In order to test the difference between the computing performance and the resource occupation situation of a CPU when a task is executed in a Docker and a task is executed in a Host (Host), the computing performance of the CPU is tested by using a Linpack testing tool on a Xilinx UltraScale + MPSoC ZCU102 platform and taking a floating point computing peak value as an evaluation index, and the Nginx service is subjected to pressure test by using Apache benchmark and the resource occupation situation is monitored by using Nmon.
(1) Linpack test
Assuming that the number of floating-point operations of the CPU per clock cycle is 1, the theoretical CPU floating-point operation peak value is 1.2GHz × 1 × 4 cores — 4.8 gfops.
The Linkpack test result is shown in table 1, where Max represents the actual CPU floating point calculation peak obtained by the test, and the maximum efficiency is defined as the ratio of Max to the theoretical CPU floating point calculation peak.
TABLE 1 comparison of maximum efficiency of CPU floating point calculation peaks in Host and Docker
Max(Gflops) | Maximum efficiency (Max/theoretical peak) | |
Host | 4.065e-01 | 8.47% |
Docker(Alpine) | 5.6567e-01 | 11.78% |
As can be seen in table 1, there is no significant loss of performance in docker compared to Host.
(2) Apache benchmark test
Remote access pressure tests are respectively carried out on the Nginx services in Host and Docker, and the monitoring results are shown in Table 2. Wherein, CPU (usr% + sys%) represents the occupation ratio of the user space to the kernel space CPU, and CPU-WAvg represents the weighted average occupation ratio of the CPU.

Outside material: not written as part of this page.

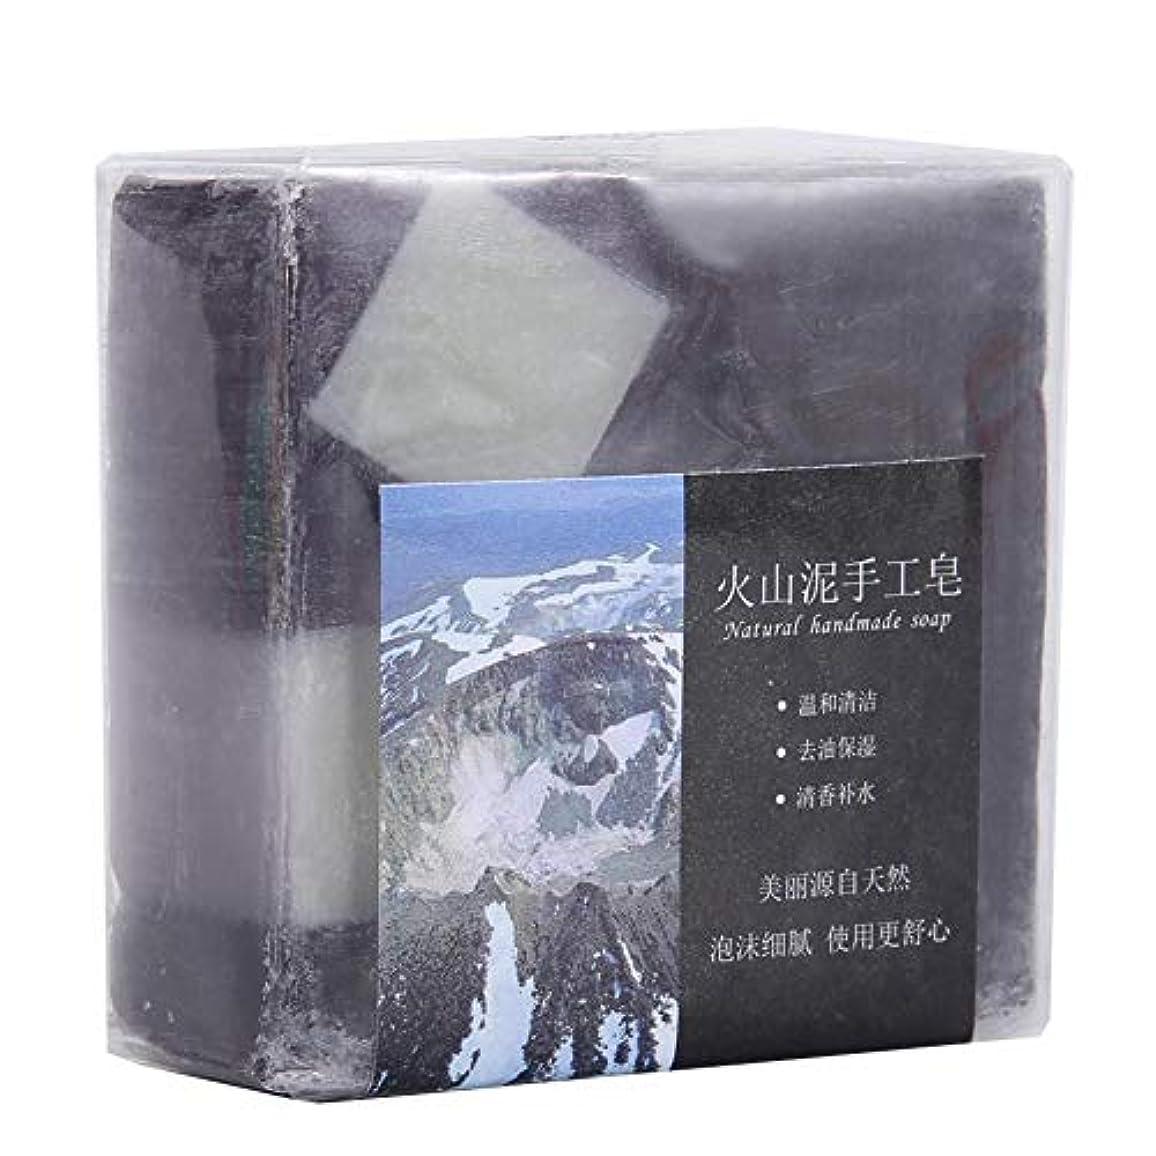 コロニーサッカー水差しディープクリーニング 火山泥 ハンドメイドグリース 保湿石鹸用 100 G 手作り石鹸
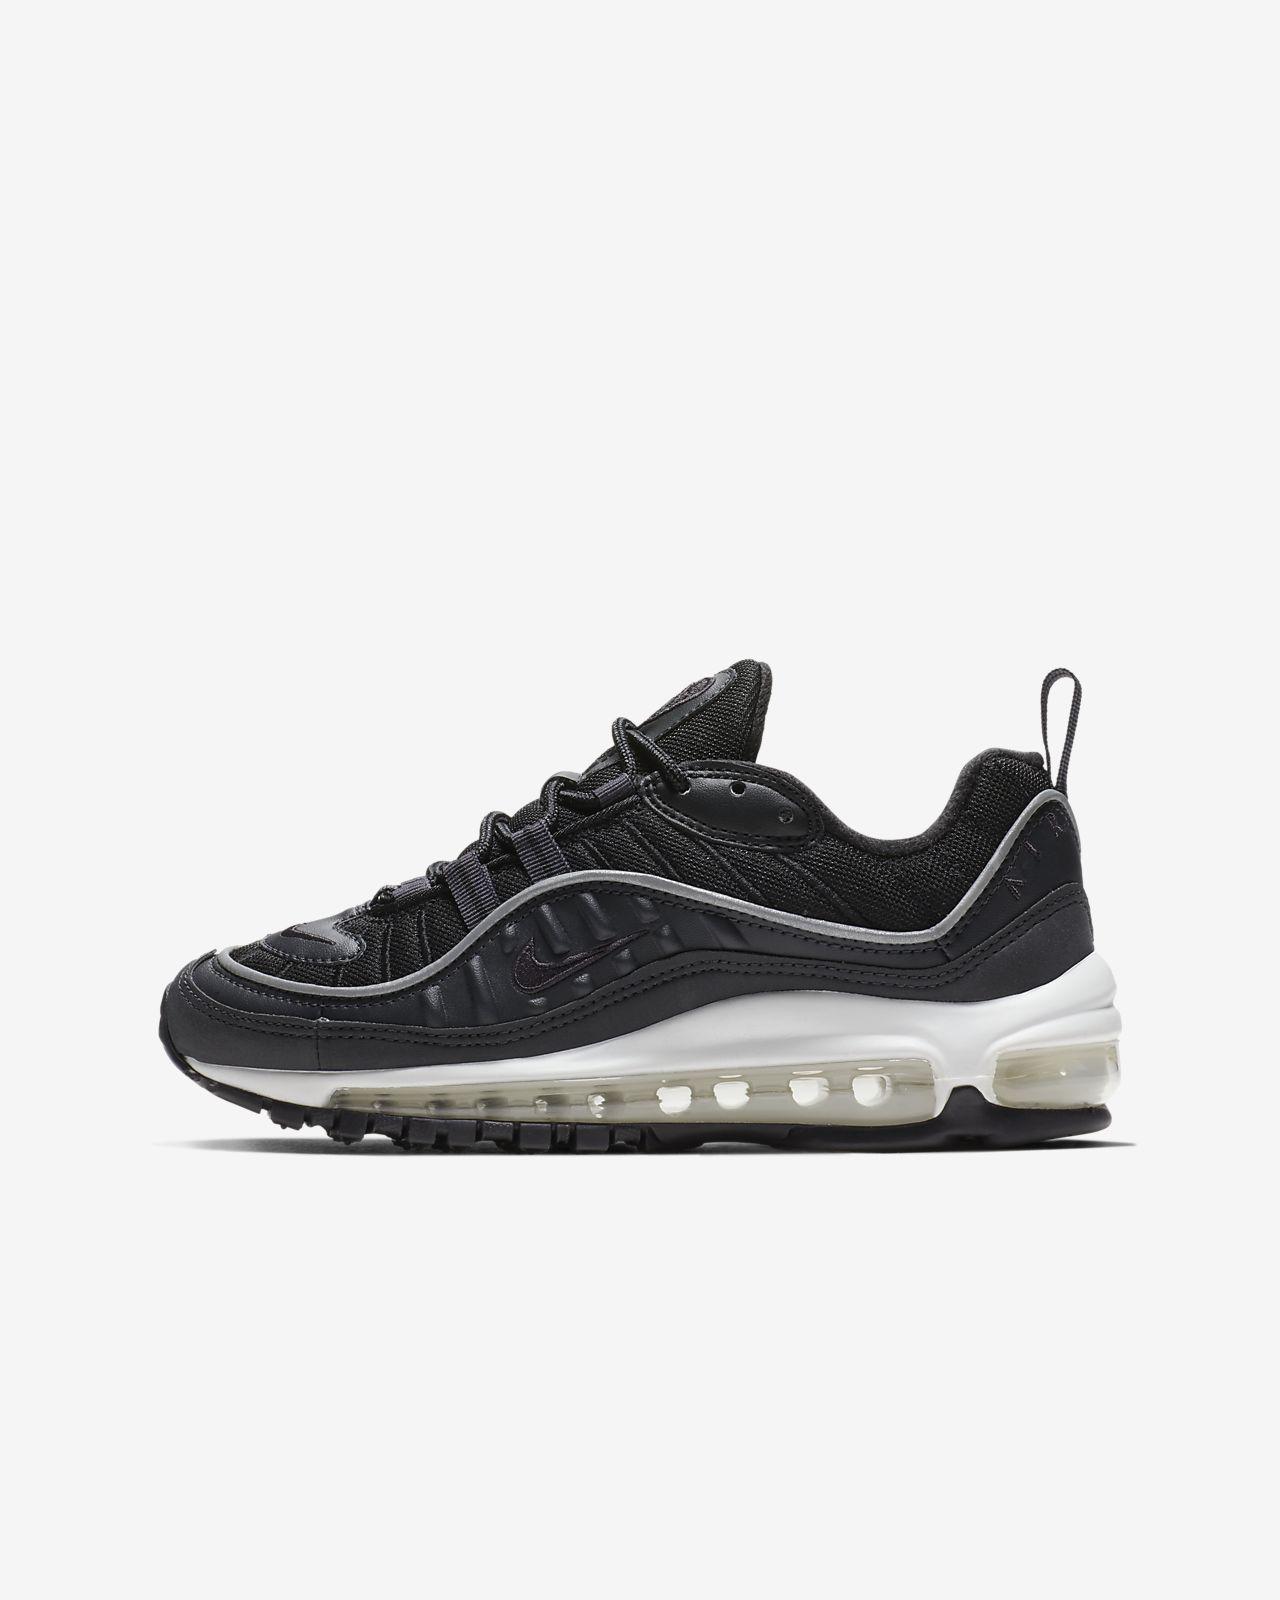 Nike Air Max 98 Genç Çocuk Ayakkabısı

Table 2 comparison of CPU resource occupation in Host and Docker
CPU(usr%+sys%) | CPU-WAvg | |
Host | 25%+70% | 17.6% |
Docker | 20%+50% | 11.0% |
As can be seen in table 2, compared to Host, the weighted average occupancy of the CPU in Docker is reduced by 6.6%, i.e., the resource occupancy in Docker is less.
By combining the two tests, compared with the Host, the method has the advantages that the calculation performance is not obviously reduced in the Docker environment, and the resource occupation is effectively reduced. In addition, the containerization technology is utilized to improve the deployment efficiency of tasks and reduce the complexity of operation and maintenance.
It should be noted that the embodiments of the present invention can be realized by hardware, software, or a combination of software and hardware. The hardware portion may be implemented using dedicated logic; the software portions may be stored in a memory and executed by a suitable instruction execution system, such as a microprocessor or specially designed hardware. Those skilled in the art will appreciate that the apparatus and methods described above may be implemented using computer executable instructions and/or embodied in processor control code, such code being provided on a carrier medium such as a disk, CD-or DVD-ROM, programmable memory such as read only memory (firmware), or a data carrier such as an optical or electronic signal carrier, for example. The apparatus and its modules of the present invention may be implemented by hardware circuits such as very large scale integrated circuits or gate arrays, semiconductors such as logic chips, transistors, or programmable hardware devices such as field programmable gate arrays, programmable logic devices, etc., or by software executed by various types of processors, or by a combination of hardware circuits and software, e.g., firmware.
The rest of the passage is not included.